• Available records:
---------------

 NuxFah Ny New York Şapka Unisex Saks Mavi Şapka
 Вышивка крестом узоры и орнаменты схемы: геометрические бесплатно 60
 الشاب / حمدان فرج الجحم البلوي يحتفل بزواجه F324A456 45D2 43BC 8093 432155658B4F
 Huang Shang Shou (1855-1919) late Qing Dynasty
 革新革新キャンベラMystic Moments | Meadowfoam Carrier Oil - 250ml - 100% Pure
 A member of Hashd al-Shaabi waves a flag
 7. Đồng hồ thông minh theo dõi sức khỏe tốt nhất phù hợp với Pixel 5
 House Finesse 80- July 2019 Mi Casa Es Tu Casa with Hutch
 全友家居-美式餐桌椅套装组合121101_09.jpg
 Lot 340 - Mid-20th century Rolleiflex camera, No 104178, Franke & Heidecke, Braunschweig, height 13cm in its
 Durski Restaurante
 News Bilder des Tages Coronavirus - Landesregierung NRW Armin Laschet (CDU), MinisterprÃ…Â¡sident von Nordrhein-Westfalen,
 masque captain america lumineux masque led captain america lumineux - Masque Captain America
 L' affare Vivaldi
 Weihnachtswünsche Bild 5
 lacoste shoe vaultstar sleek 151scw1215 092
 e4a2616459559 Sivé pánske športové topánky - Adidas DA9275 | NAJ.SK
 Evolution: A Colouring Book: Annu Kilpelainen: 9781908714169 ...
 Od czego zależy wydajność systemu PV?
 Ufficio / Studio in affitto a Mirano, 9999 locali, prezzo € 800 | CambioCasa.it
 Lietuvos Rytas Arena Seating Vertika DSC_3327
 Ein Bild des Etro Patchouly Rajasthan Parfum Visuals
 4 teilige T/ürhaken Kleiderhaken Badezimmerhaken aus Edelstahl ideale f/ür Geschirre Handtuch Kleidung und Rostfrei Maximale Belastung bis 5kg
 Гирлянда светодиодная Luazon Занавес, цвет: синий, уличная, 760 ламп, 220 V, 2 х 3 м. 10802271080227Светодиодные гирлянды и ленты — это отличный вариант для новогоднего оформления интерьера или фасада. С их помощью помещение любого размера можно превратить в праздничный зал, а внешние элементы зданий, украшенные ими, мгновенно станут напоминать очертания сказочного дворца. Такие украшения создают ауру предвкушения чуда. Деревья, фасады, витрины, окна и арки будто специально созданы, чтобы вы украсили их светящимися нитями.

---------------

• Problem details:
Copy the lines above, please. Keep them exact.

• Exercise result:
 NuxFah Ny New York Şapka Unisex Saks Mavi Şapka
 Вышивка крестом узоры и орнаменты схемы: геометрические бесплатно 60
 الشاب / حمدان فرج الجحم البلوي يحتفل بزواجه F324A456 45D2 43BC 8093 432155658B4F
 Huang Shang Shou (1855-1919) late Qing Dynasty
 革新革新キャンベラMystic Moments | Meadowfoam Carrier Oil - 250ml - 100% Pure
 A member of Hashd al-Shaabi waves a flag
 7. Đồng hồ thông minh theo dõi sức khỏe tốt nhất phù hợp với Pixel 5
 House Finesse 80- July 2019 Mi Casa Es Tu Casa with Hutch
 全友家居-美式餐桌椅套装组合121101_09.jpg
 Lot 340 - Mid-20th century Rolleiflex camera, No 104178, Franke & Heidecke, Braunschweig, height 13cm in its
 Durski Restaurante
 News Bilder des Tages Coronavirus - Landesregierung NRW Armin Laschet (CDU), MinisterprÃ…Â¡sident von Nordrhein-Westfalen,
 masque captain america lumineux masque led captain america lumineux - Masque Captain America
 L' affare Vivaldi
 Weihnachtswünsche Bild 5
 lacoste shoe vaultstar sleek 151scw1215 092
 e4a2616459559 Sivé pánske športové topánky - Adidas DA9275 | NAJ.SK
 Evolution: A Colouring Book: Annu Kilpelainen: 9781908714169 ...
 Od czego zależy wydajność systemu PV?
 Ufficio / Studio in affitto a Mirano, 9999 locali, prezzo € 800 | CambioCasa.it
 Lietuvos Rytas Arena Seating Vertika DSC_3327
 Ein Bild des Etro Patchouly Rajasthan Parfum Visuals
 4 teilige T/ürhaken Kleiderhaken Badezimmerhaken aus Edelstahl ideale f/ür Geschirre Handtuch Kleidung und Rostfrei Maximale Belastung bis 5kg
 Гирлянда светодиодная Luazon Занавес, цвет: синий, уличная, 760 ламп, 220 V, 2 х 3 м. 10802271080227Светодиодные гирлянды и ленты — это отличный вариант для новогоднего оформления интерьера или фасада. С их помощью помещение любого размера можно превратить в праздничный зал, а внешние элементы зданий, украшенные ими, мгновенно станут напоминать очертания сказочного дворца. Такие украшения создают ауру предвкушения чуда. Деревья, фасады, витрины, окна и арки будто специально созданы, чтобы вы украсили их светящимися нитями.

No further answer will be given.